■ What to work on
Output the listing verbatim, leaving out every picture.

■ Source data

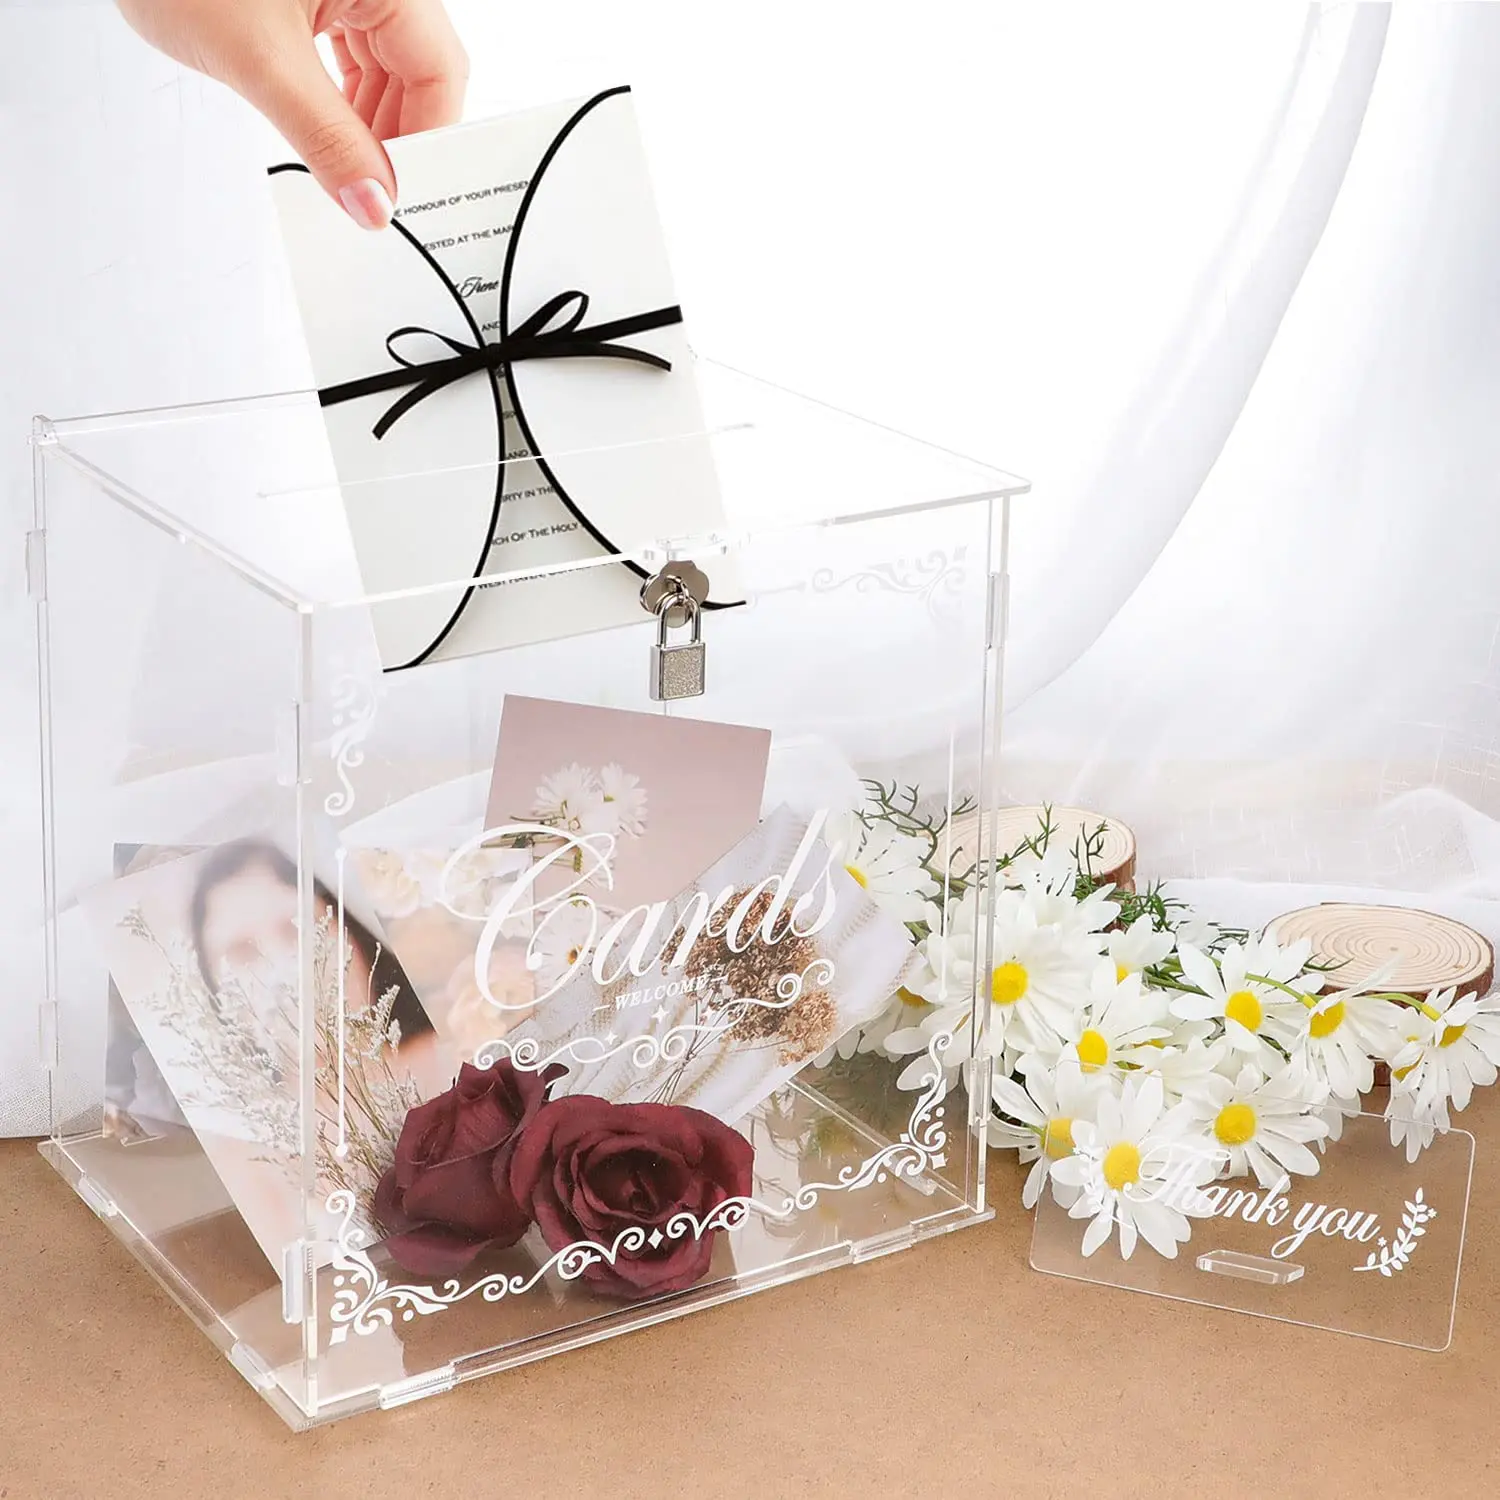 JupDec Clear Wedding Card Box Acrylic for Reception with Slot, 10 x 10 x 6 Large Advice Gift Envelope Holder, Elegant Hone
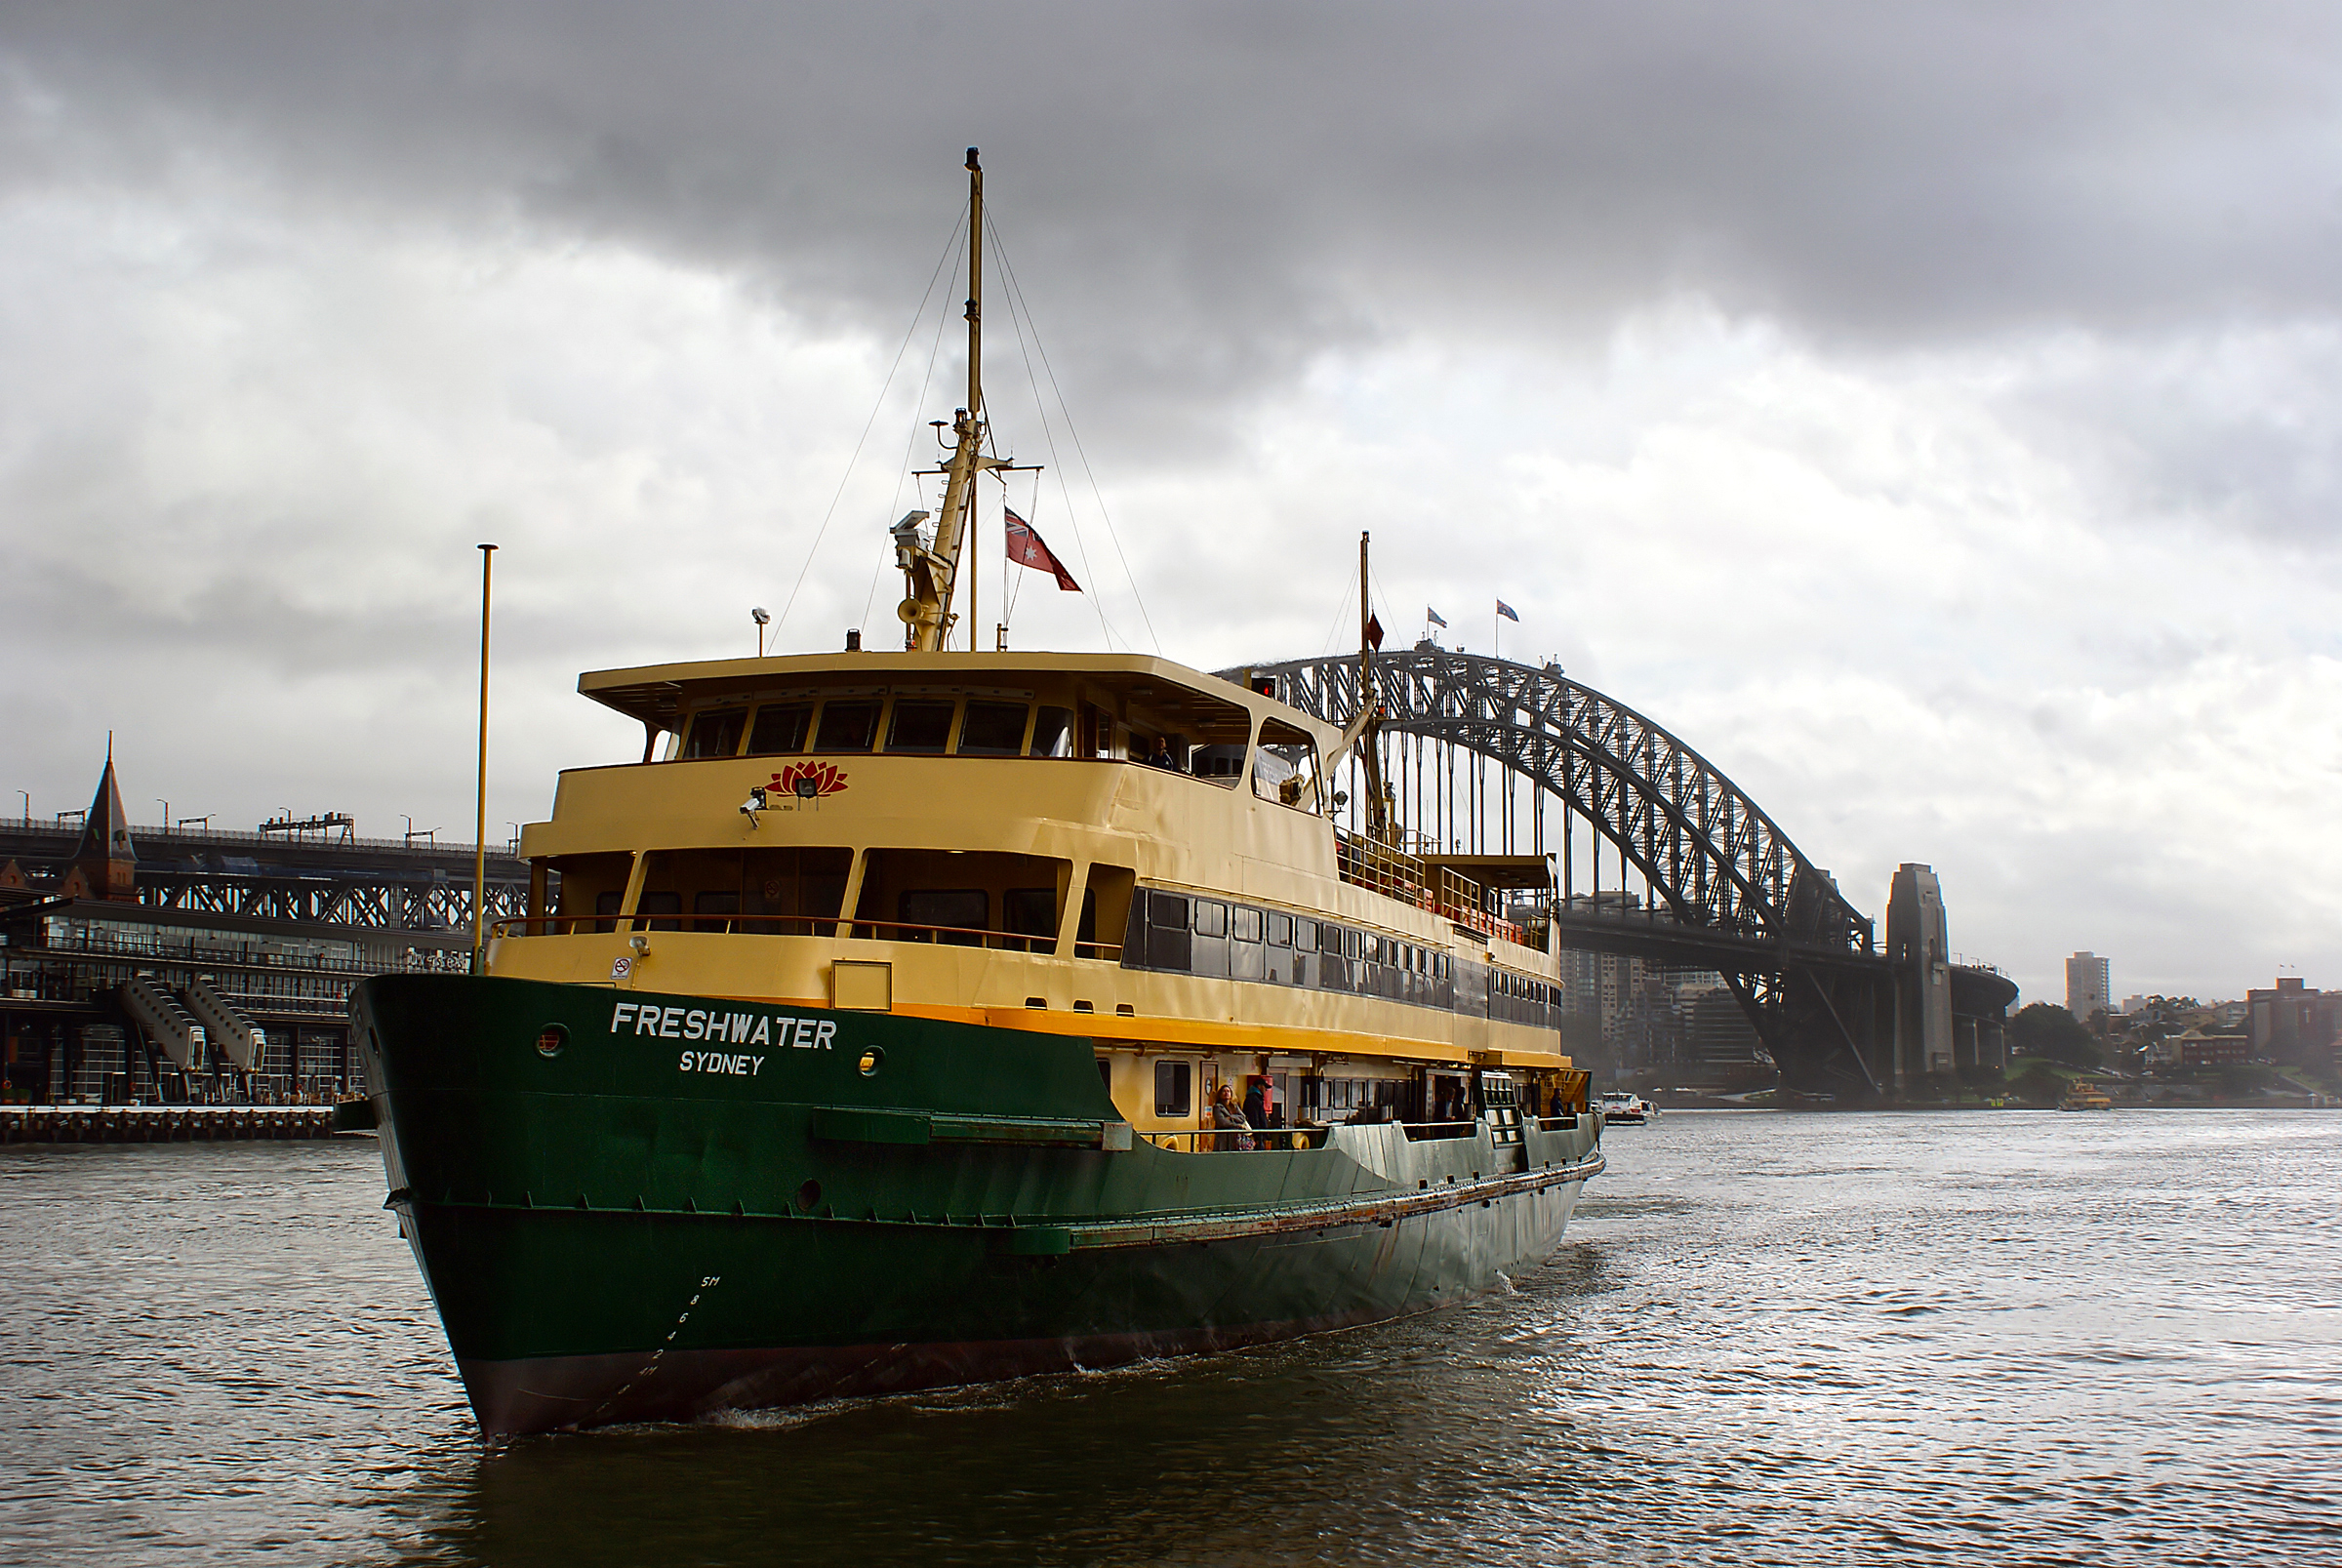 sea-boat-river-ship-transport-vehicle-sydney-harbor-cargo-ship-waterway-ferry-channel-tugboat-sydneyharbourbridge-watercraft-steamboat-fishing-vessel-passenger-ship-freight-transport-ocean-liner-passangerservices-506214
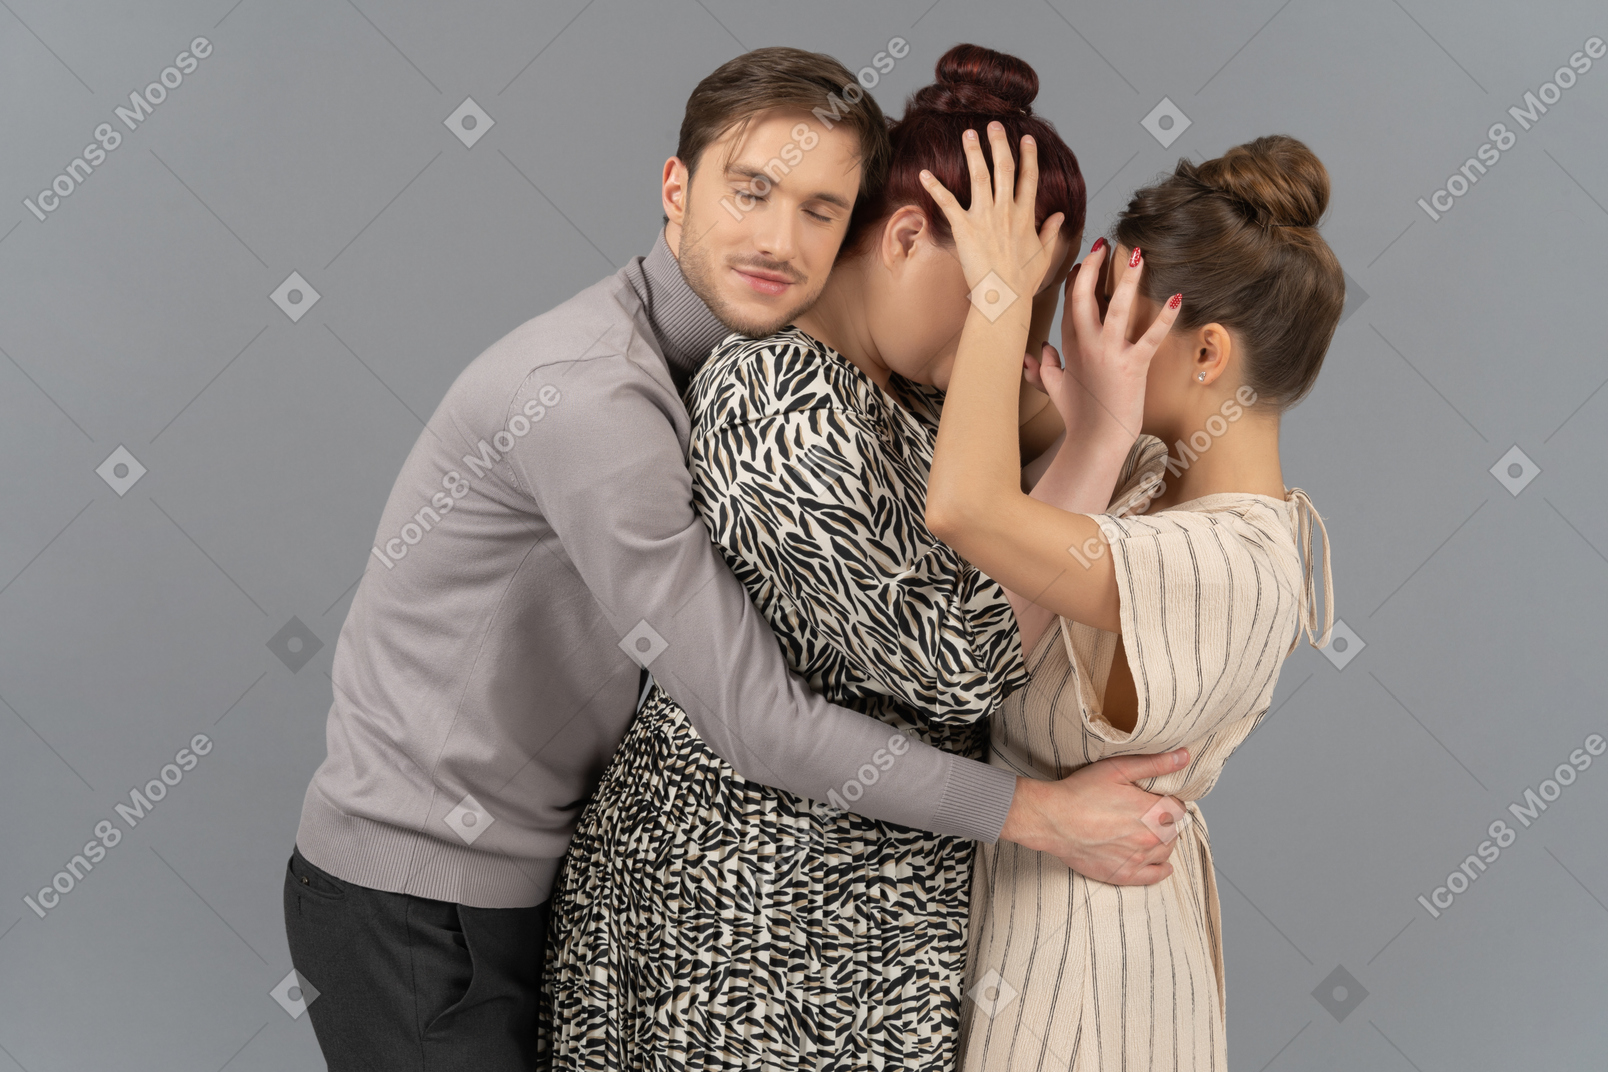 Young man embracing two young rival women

■ Result of the exercise
 JupDec Clear Wedding Card Box Acrylic for Reception with Slot, 10 x 10 x 6 Large Advice Gift Envelope Holder, Elegant Hone
 sea-boat-river-ship-transport-vehicle-sydney-harbor-cargo-ship-waterway-ferry-channel-tugboat-sydneyharbourbridge-watercraft-steamboat-fishing-vessel-passenger-ship-freight-transport-ocean-liner-passangerservices-506214
 Young man embracing two young rival women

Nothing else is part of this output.